GAJUP - SAJU/UFRGS

GAJUP - SAJU/UFRGS Grupo de Assessoria Justiça Popular, do Serviço de Assessoria Jurídica Universitária (SAJU) da Faculdade de Direito da UFRGS.

O Grupo de Assessoria Justiça Popular (GAJUP) é um grupo de extensão, vinculado ao Serviço de Assessoria Jurídica Universitária (SAJU) da Universidade Federal do Rio Grande do Sul. O GAJUP possui como temática de trabalho a educação e assessoria populares. Da experiência proporcionada por nossas atividades, tiramos o que queremos para a Universidade: baseada na ação-reflexão, uma instituição que s

e coloque ao lado do povo para construir dialogicamente e trabalhar conjuntamente em soluções para problemas que atentam contra a dignidade humana e o pleno desenvolvimento de nossas potencialidades. Pretendemos, com as ações de nosso grupo, contribuir para que isso de fato aconteça. Nossas reuniões acontecem todas as quartas-feiras, das 12h às 14h, na sede do SAJU. Qualquer pessoa é bem-vinda a conhecer o nosso trabalho e com ele contribuir de alguma forma.

07/03/2022

Às 18 horas, em Porto Alegre, estudantes indígenas dos povos Kaingang, Xokleng e Guarani retomam um prédio da Prefeitura de Porto Alegre, na entrada do Túnel da Conceição, em frente ao Campus Centro da Universidade Federal do Rio Grande do Sul. São cerca de 50 indígenas, mães que reivindicam a construção de uma Casa do Estudante Indígena, demanda antiga dos povos, que nunca foi atendida pela Universidade. Gah Té Iracema, kujà, pajé do povo Kaingang, que recentemente foi indicada pela universidade para o título de Dra. Honoris Causa, está junto retomando este território. Retomada, pois toda Porto Alegre é território ancestral indígena, guarani, kaingang, charrua. O imóvel abandonado há cinco anos, foi cedido para a UFRGS, mas no começo de fevereiro devolvido à Prefeitura.

A permanência das pessoas que ingressam na Universidade através de Ações Afirmativas, como as estudantes indígenas, é uma luta dura e importante. Não adianta só colocar as pessoas para dentro dos muros, das salas, é preciso dar condições para que elas sigam seus estudos e dentro da visão de mundo que acreditam e vivem. É preciso o básico, como moradia, alimentação, cuidado com os filhos, respeito à cultura. É luta de anos! Em carta de 2017 direcionada à Coordenadoria de Acompanhamento do Programa de Ações Afirmativas (CAF) da UFRGS, o coletivo de estudantes indígenas exigiu ações da universidade para que a cultura dos povos seja respeitada e valorizada, o que é fundamental para a permanência nos estudos, a não desistência, o não se "embraquecer". Entre os pontos sugeridos, no final da carta, o destaque para a importância de uma casa indígena.

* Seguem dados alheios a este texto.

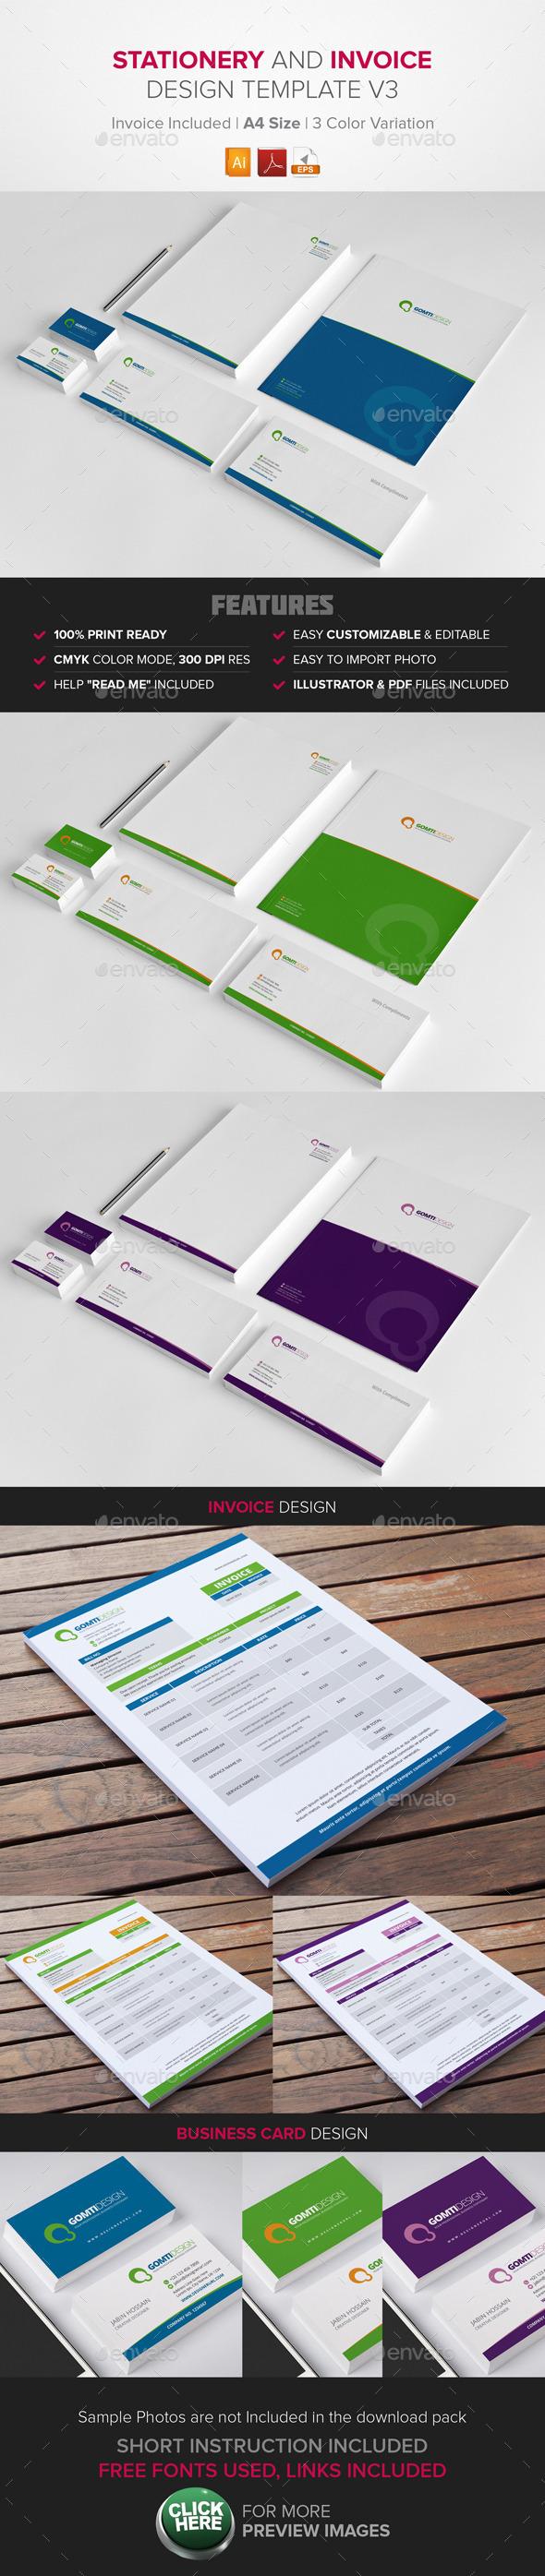 Stationery & Invoice Design Template v3

"[...] uma casa de estudantes indígenas, uma ég īn, uma casa nossa onde
poderemos praticar nossa cultura, nossas formas de estar bem uns com os outros, seja
na alimentação, na contação de histórias, nos aconselhamentos dos mais velhos aos
mais novos, nos risos e nos rituais, os quais consagram nossos corpos é uma demanda
urgente e será pauta contínua na agenda das discussões acerca das ações afirmativas e
na construção de uma universidade intercultural e que respeita os povos originários
deste território".

A necessidade de um espaço assim também se dá para que as mulheres possam criar com tranquilidade seus filhos. O tema já foi assunto de reportagens e trabalhos acadêmicos, como a dissertação "Indígena-Mulher-Mãe-Universitária o estar-sendo estudante na UFRGS", de Patrícia Oliveira Brito. "São mulheres que em geral apresentam na sua forma social e cultural a vivência do casamento e da maternidade em idades que coincidem com a experiência do ensino médio e superior, sendo a convivência com suas crianças uma característica que as identifica", explica a pesquisadora.

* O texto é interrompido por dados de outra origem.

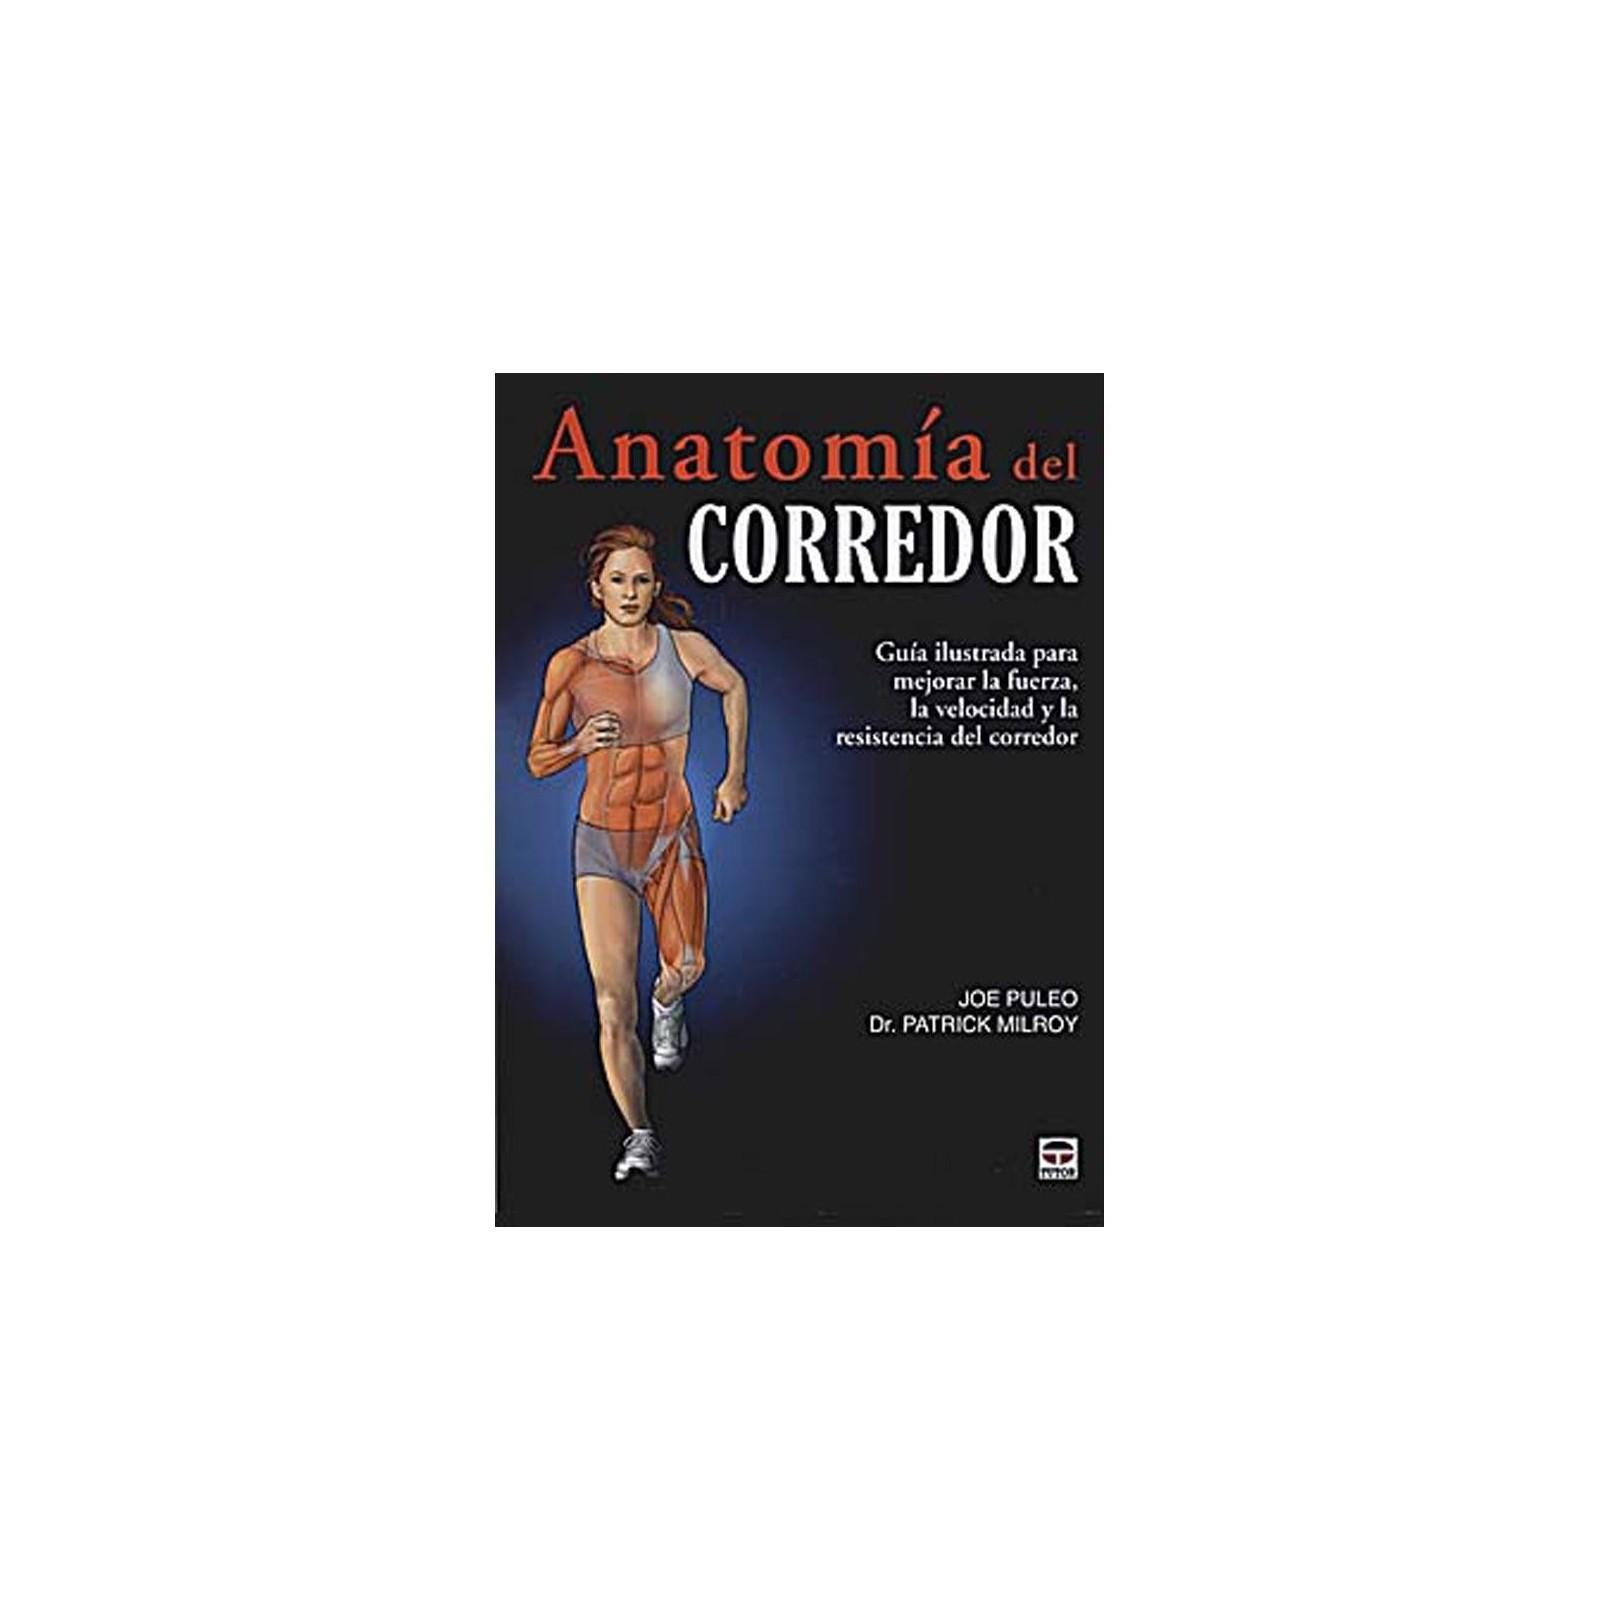 Bikila-ANATOMÍA DEL CORREDOR TUT502088. TUT502088

O coletivo indígena denuncia que após 2008, quando as Ações Afirmativas começaram, algumas mulheres já viveram na Casa do Estudante da UFRGS tendo que esconder seus filhos, pois o regimento interno da casa não permite crianças. Os vigias e seguranças fingiam que não viam, mas a necessidade do esconder. Imagina viver assim?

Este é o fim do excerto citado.